Lynnwood man dragged after he tried to use a home DNA test to qualify as a minority business owner
A Lynnwood business owner tried to use a home DNA test to try and qualify as a minority business owner, and the internet is just not having it.
After finding out that state and federal programs ensure that minority-owned businesses can compete for government contracts due to centuries of institutional discrimination, a Lynnwood man who long identified as white used a DNA test to prove his ethnicity in order to claim minority status.
Ralph Taylor says that although he is evidently white, it doesn't matter. The 55-year-old lived most of his life as a white man, but not considers himself to be of multiple races due to the DNA test results. Owner of Orion Insurance Group, Taylor wants the Department of Transportation to recognize him as a minority in order to gain more deals providing liability insurance to contractors.
Source: Seattle Times
The business owner is now suing Washington state and the federal government after being denied a minority-business certification under a program that was created more than twenty years ago to help provide better business opportunities for minority business owners in the transportation industry. When he provided no evidence of racial discrimination, he was denied the grant.
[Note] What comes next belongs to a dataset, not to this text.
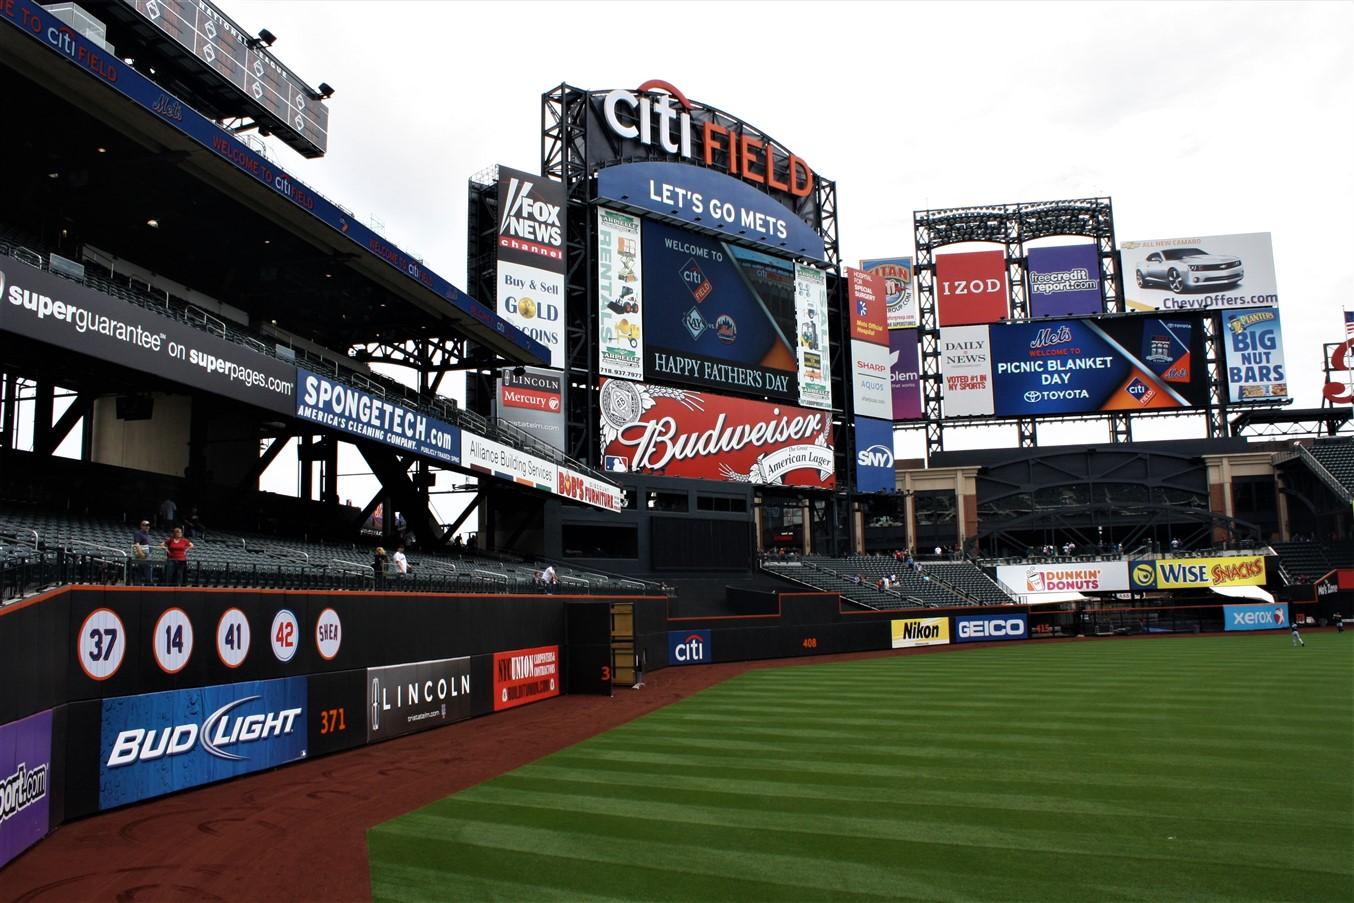 2009 06 21 Law School Road Trip Day 6 New York Mets 61.jpg

In 2010, Taylor began identifying himself as a multiracial person after a DNA ancestry test said that he was 90% Caucasian, 6% indigenous American, and 4% sub-Saharan African. He went to the Washington Office of Minority and Women's Business Enterprises (OMWBE) for his company, Orion Insurance Group, to be considered a minority business. Since their rules did not state a criterion defining a minority race or ethnicity, he was eventually approved by the OMWBE.
Source: Flickr
However, the US Department of Transportation certification decided that he was Caucasian under the program's procedures, and so he was denied his application. This case has been posing a question as to how the government should identify who is and isn't a minority.
For the OMWBE, it is a case-to-case basis who qualifies for both the state and federal programs that it manages.